Le préleveur d’échantillons

Amiante : Qui fait quoi ?

Avertissement

Les travailleurs indépendants sont assujettis à certaines dispositions du code du travail, en matière :

  • de travaux de bâtiment et de génie civil ;
  • d’équipements de travail et de protection individuelle ;
  • de risques chimiques et notamment :
    - d’agents cancérogènes mutagènes ou toxiques pour la reproduction
    - d’activité de confinement et de retrait d’amiante ou d’activités et d’interventions sur des matériaux et appareils susceptibles de libérer des fibres d’amiante.

Son rôle

On désigne par préleveur d’échantillon la personne compétente désignée à l’article R. 4412-106 du code du travail chargée du contrôle du niveau de l’empoussièrement lors de travaux susceptibles de libérer des fibres d’amiante.

Les prélèvements de l’air sont réalisés suivant les prescriptions de la norme NF EN ISO 16000-7 : septembre 2007 « Air intérieur – partie 7 : stratégie d’échantillonnage pour la détermination des concentrations en fibres d’amiante en suspension dans l’air » et du guide d’application normatif qui y est associé GA X 46-033 : août 2008.

La stratégie de prélèvement est établie par l’employeur et le laboratoire accrédité pour le prélèvement (R. 4412-107 du code du travail).

Dans certains cas, l’inspecteur du travail peut demander à l’entreprise de faire procéder à un contrôle de l’empoussièrement par un organisme accrédité pour le prélèvement et l’analyse (R. 4722-15 du code du travail).

Le cadre réglementaire d’intervention du préleveur d’échantillons sur le chantier de retrait ou de confinement : l’obligation d’un Mode Opératoire.

L’article R. 4412-94 stipule que les dispositions de la présente section (III) s’appliquent : 1º Aux activités de confinement et de retrait de l’amiante, définies à l’article R. 4412-114 (sous-section 3) ; 2º Aux activités et interventions sur des matériaux ou appareils susceptibles de libérer des fibres d’amiante, définies à l’article R. 4412-139 (sous-section 4).

Les dispositions de l’article R. 4412-139 du code travail s’appliquent aux « activités ne relevant pas de la sous-section 3 ainsi qu’aux interventions susceptibles de provoquer l’émission de fibres d’amiante, qui portent notamment sur des bâtiments, des navires, des structures des appareils ou installations.

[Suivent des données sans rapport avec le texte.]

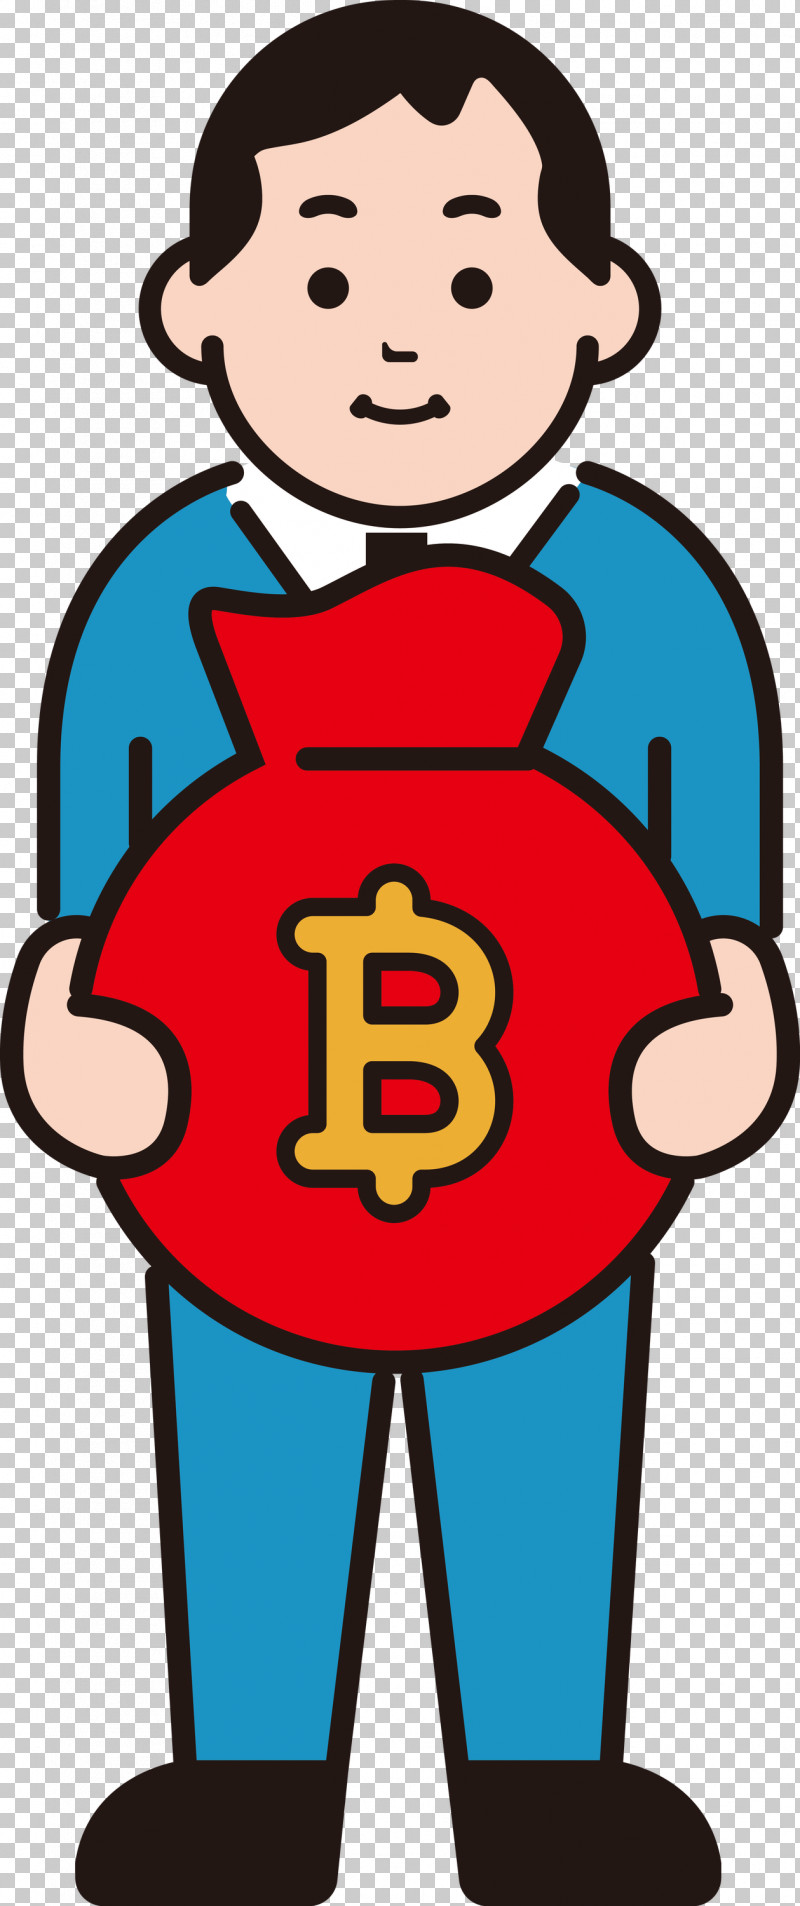 Bitcoin Virtual Currency PNG, Clipart, Animation, Bitcoin, Caricature, Cartoon, Drawing Free PNG Download
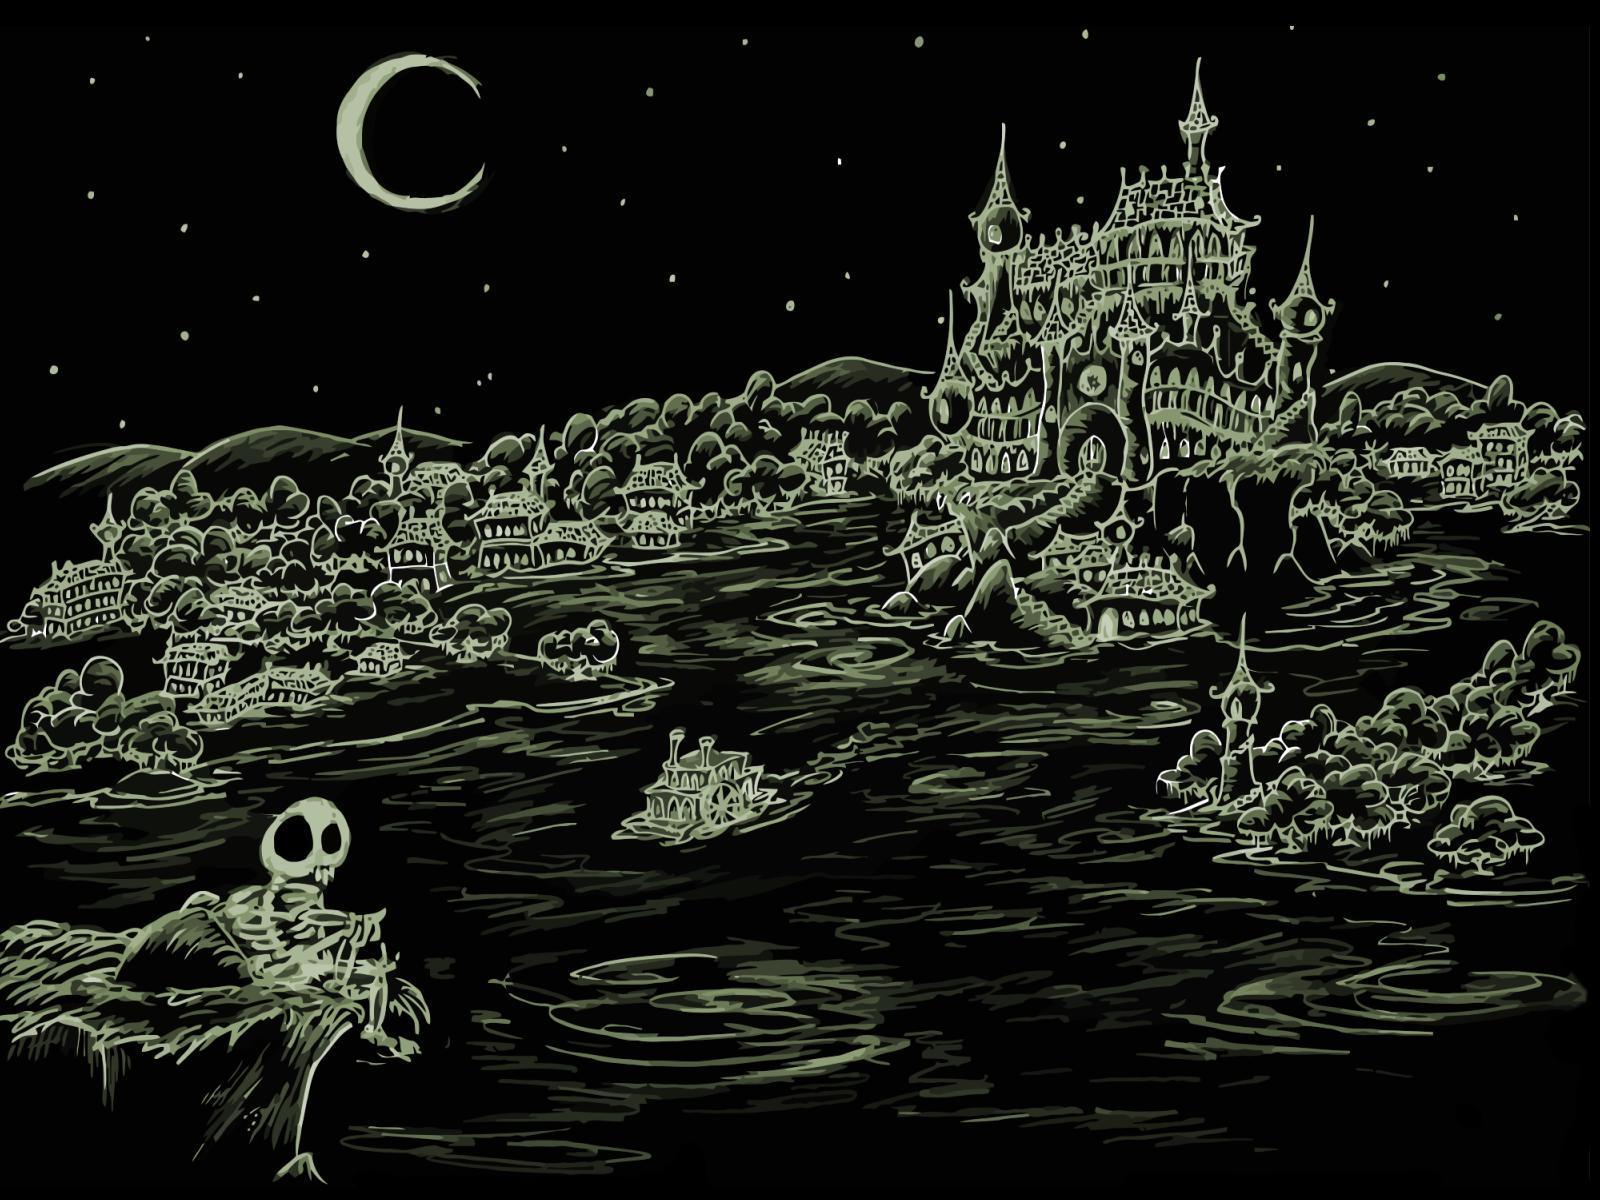 screen background: a skeleton looking over a haunted bay. bluebison

Ces dispositions s’appliquent également aux opérations de bâtiment et de génie civil réalisées sur des terrains amiantifères. »

Ainsi, tout travailleur dont l’activité professionnelle ne consiste pas à confiner ou retirer de l’amiante, mais dont l’intervention est susceptible de libérer des fibres d’amiante et par voie de conséquence de l’y exposer, entre dans le champ d’application de la sous-section 4 défini à l’article R. 4412-139 précité et doit bénéficier des mesures de prévention définies aux articles R. 4412-97 à R. 4412-113 et R. 4412-139 à R. 4412-148 du code du travail.

Les articles R. 4412-143 à 147 du code du travail prévoient que soit réalisée une évaluation des risques relatifs à l’intervention afin de déterminer la nature, la durée et le niveau d’exposition des travailleurs à l’inhalation des poussières provenant de l’amiante ou des matériaux en contenant.

Les résultats de cette évaluation des risques doivent être consignés dans le mode opératoire prévu par les dispositions de l’article R. 4412-140 du code du travail, en précisant, les caractéristiques des équipements à utiliser pour la protection et la décontamination des travailleurs ainsi que celles des moyens de protection des autres personnes se trouvant sur le lieu ou à proximité des travaux (articles R. 4412-140 à R. 4412-142).

La formation à la prévention du risque amiante du préleveur d’échantillons en tant qu’intervenant du chantier.

Enfin, les travailleurs concernés bénéficient, préalablement à toute activité ou intervention en présence d’amiante, d’une formation à la prévention des risques liés à l’amiante suivant les dispositions de l’arrêté du 25 avril 2005 relatif à la formation à la prévention des risques liés à l’amiante.

En effet, les opérations de mise en place de systèmes de prélèvement de l’air en zone où sont réalisées des opérations de désamiantage, que ce soit préalablement aux travaux (point zéro), durant ceux-ci ou lors des mesures libératoires d’empoussièrement, sont de nature à générer des risques de respirer des fibres d’amiante dans la dite zone pour l’opérateur lui-même, ainsi que des risques de transfert de la pollution à l’extérieur de la zone par ces personnes.

Une formation au port des équipements de protection individuelles sera également assurée à ces travailleurs (EPI).